Non si trovano farmacisti, allarme chiusure anche in Trentino: «Numero chiuso in facoltà e carichi di lavoro ci mettono in crisi»
Il periodo del covid, con il super-lavoro dei tamponi, mette in difficoltà i punti vendita: i giovani sono pochi, e poi restano poco perchè sono molto contesi
TRENTO. Non siamo ai livelli di Bolzano, dove ha dovuto addirittura chiudere, fino alla fine di maggio, la farmacia di piazza Domenicani, ma anche a Trento e in provincia, dove non ci sono i problemi di bilinguismo che complicano le situazioni, la carenza di farmacisti disposti a lavorare dietro al bancone è un problema.
Problema non del tutto nuovo, ma che si è acuito in tempi di pandemia e in particolare negli ultimi mesi, quando i test di positività con tampone nasale sono diventati di largo utilizzo e affidati appunto in prima battuta proprio ai farmacisti.
«È stato un momento in cui effettivamente la richiesta è stata pressante e la ricerca affannosa da parte dei titolari» conferma Tiziana Dal Lago, presidente dell'Ordine provinciale. A questo si è aggiunto il fatto che il coronavirus ha colpito molto la categoria, per ovvi motivi particolarmente esposta, e le assenze per malattia sono state numerose. Non è stato e non è insomma un periodo semplice per le circa 150 farmacie trentine.I motivi di questi buchi di organico difficilmente colmabili sono diversi. C'è innanzitutto un problema di cattiva programmazione simile a quella delle professioni sanitarie. Per diventare farmacisti si deve seguire un corso universitario di cinque anni a cui si accede con test di accesso e di solito con numero programmato. Per il prossimo anno accademico la Fofi, federazione nazionale degli ordini dei farmacisti, ha chiesto alle realtà locali i dati sul fabbisogno futuro. Ma, ammesso che si riescano a fare stime corrette, ci vorrà qualche anno per avere a disposizione nuove professionalità disponibili e in questo momento è in atto un ricambio generazionale che sta sguarnendo i ranghi.

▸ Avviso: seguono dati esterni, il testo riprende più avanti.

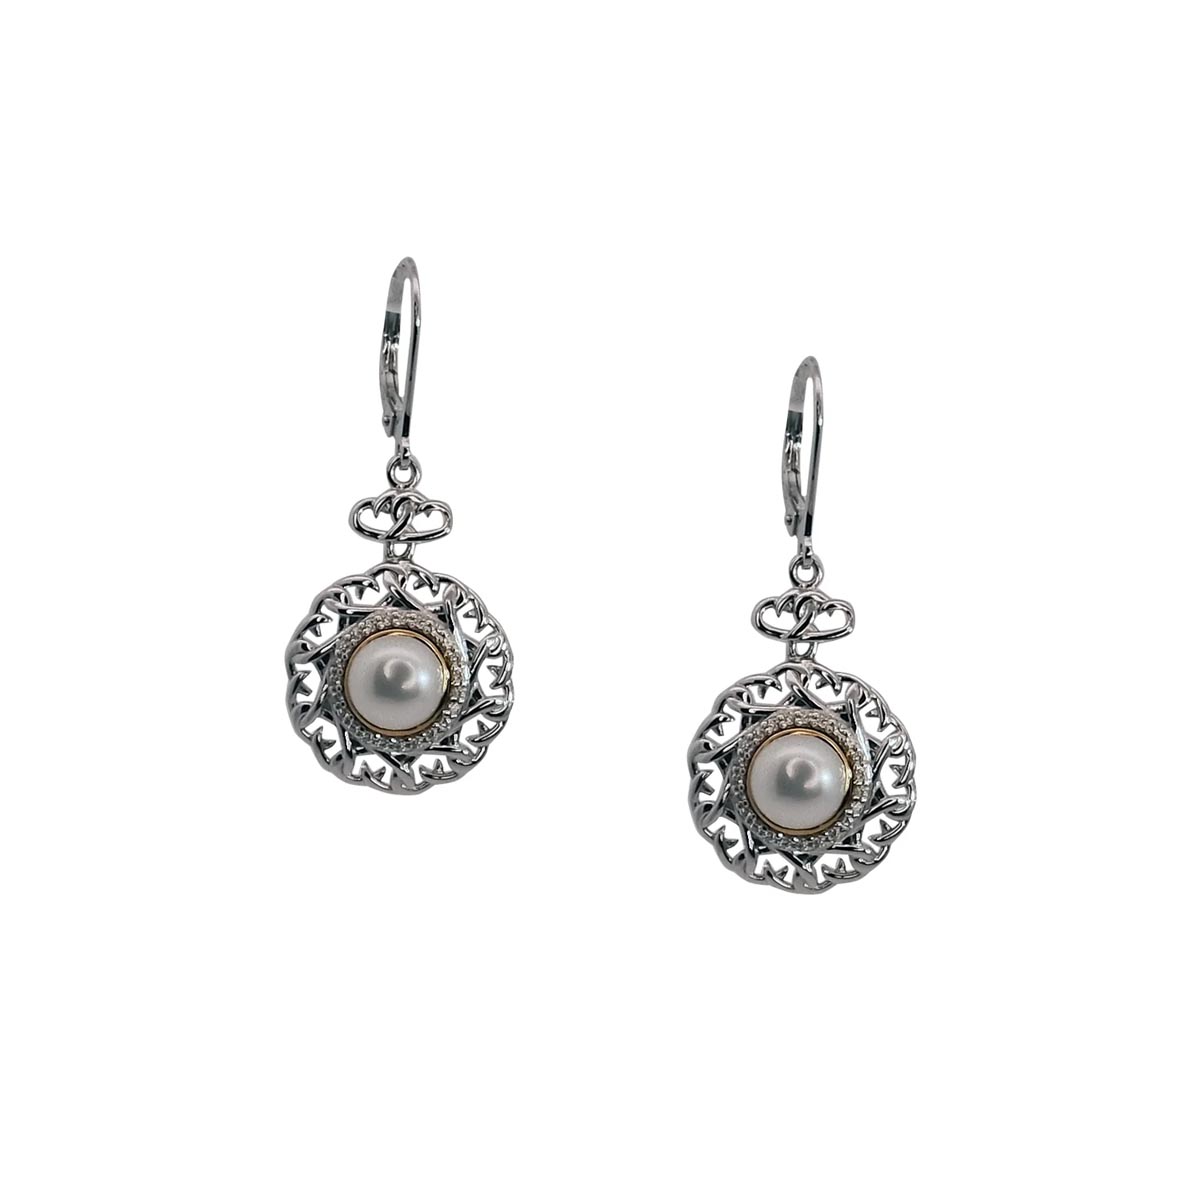 Keith Jack Aphrodite Cultured Freshwater Pearl Drop Earrings in Sterling Silver and 10kt Yellow Gold with Cubic Zirconia (6.5mm pearls)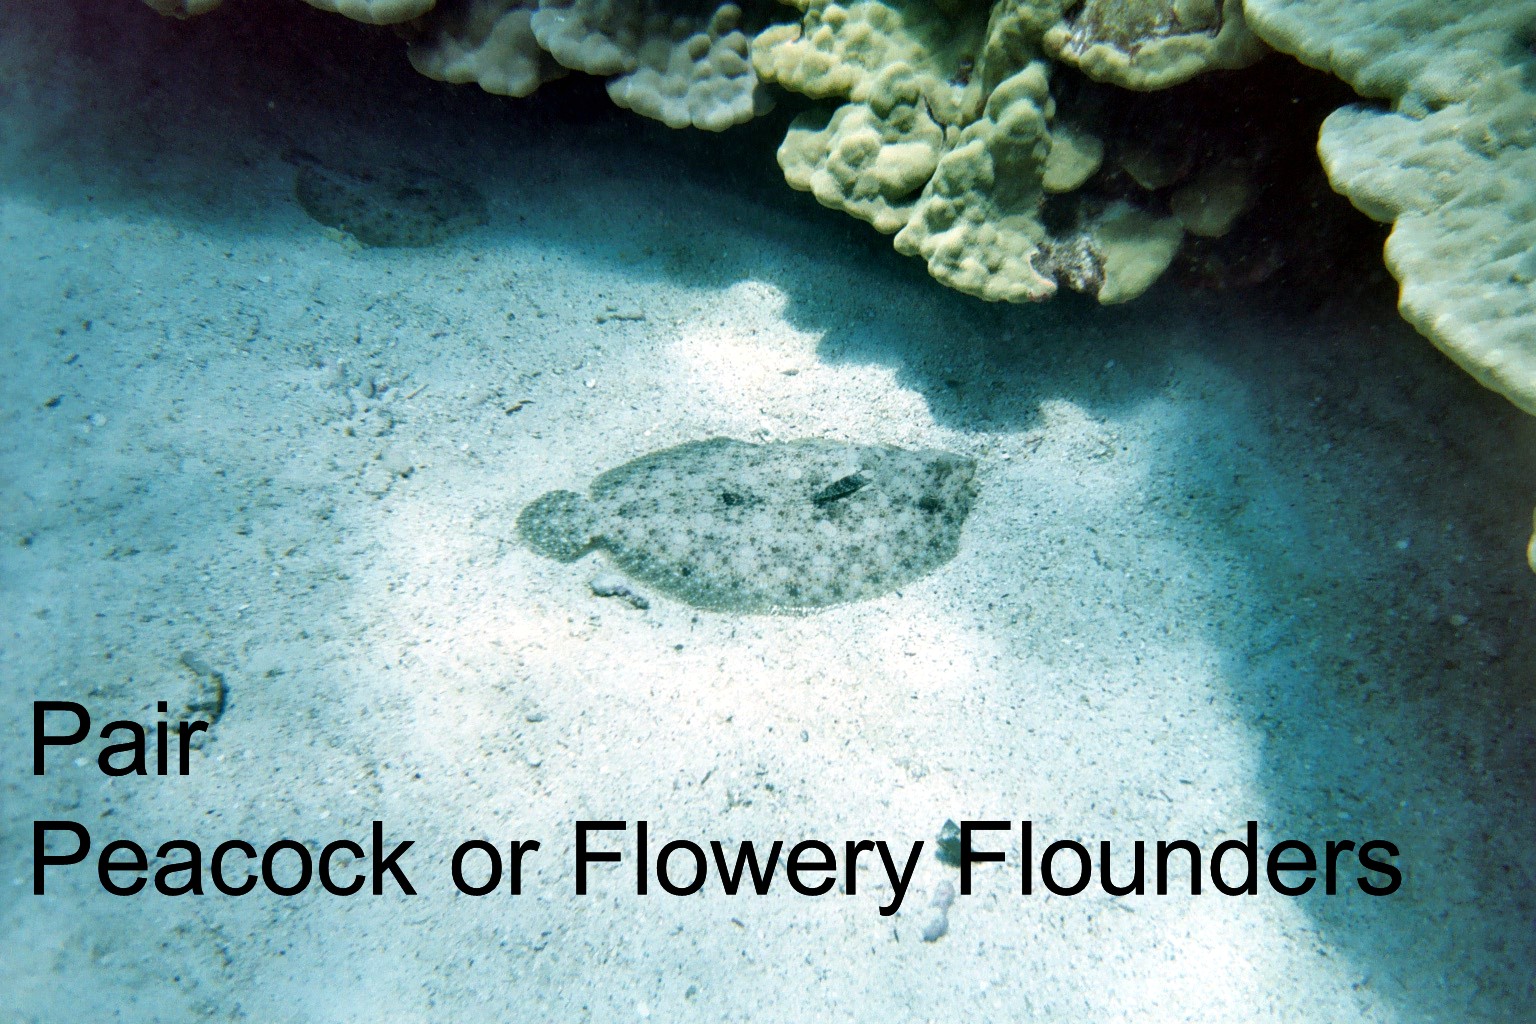 Pair of Peacock (or correctly) Flowery Flounders

«Oltre alla programmazione sbagliata del passato - spiega Dal Lago - va detto che molti farmacisti laureati fanno anche scelte diverse, andando a lavorare in aziende o in altri settori. La farmacia è un lavoro impegnativo, specie per le donne che sono la maggioranza e che costrette all'orario spezzato fanno fatica a conciliare lavoro e famiglia».
Il concetto dello scarso appeal del lavoro nei punti vendita è confermato anche da Lorenzo Arnoldi, direttore delle Farmacie comunali. Oltre a questo e al tema del ricambio generazionale nelle farmacie pubbliche un altro fattore che rende difficile mantenere in casa le professionalità acquisite è la concorrenza del settore privato, sia farmaceutico che parafarmaceutico, che sta assorbendo più forza lavoro rispetto al passato.
Su una sessantina di addetti in organico le Farmacie comunali hanno visto una quindicina di dipendenti andare in pensione negli ultimi due anni, rimpiazzati a fatica con selezioni che vengono ripetute ogni pochi mesi. L'ultima, fatta in gennaio, metteva in palio tre posti a tempo indeterminato e si sono presentati appena quattro candidati.
Ma poi non è detto che tutti i selezionati rimangano, e rimangano a lungo. «Siamo sempre in cerca - spiega Arnoldi - e per assegnare posti anche a tempo determinato che coprano le esigenze contingenti continuiamo a valutare i curricula che ci mandano e a cercare disponibilità». In questo momento in organico i farmacisti sono una sessantina e bene o male soddisfano le necessità. «Ma se trovassimo altre tre o quattro persone saremmo più tranquilli - ammette Arnoldi - anche se siamo tutto sommato fiduciosi di riuscire a "scollinare", superando il momento più difficile e arrivando a stabilizzarci entro l'autunno».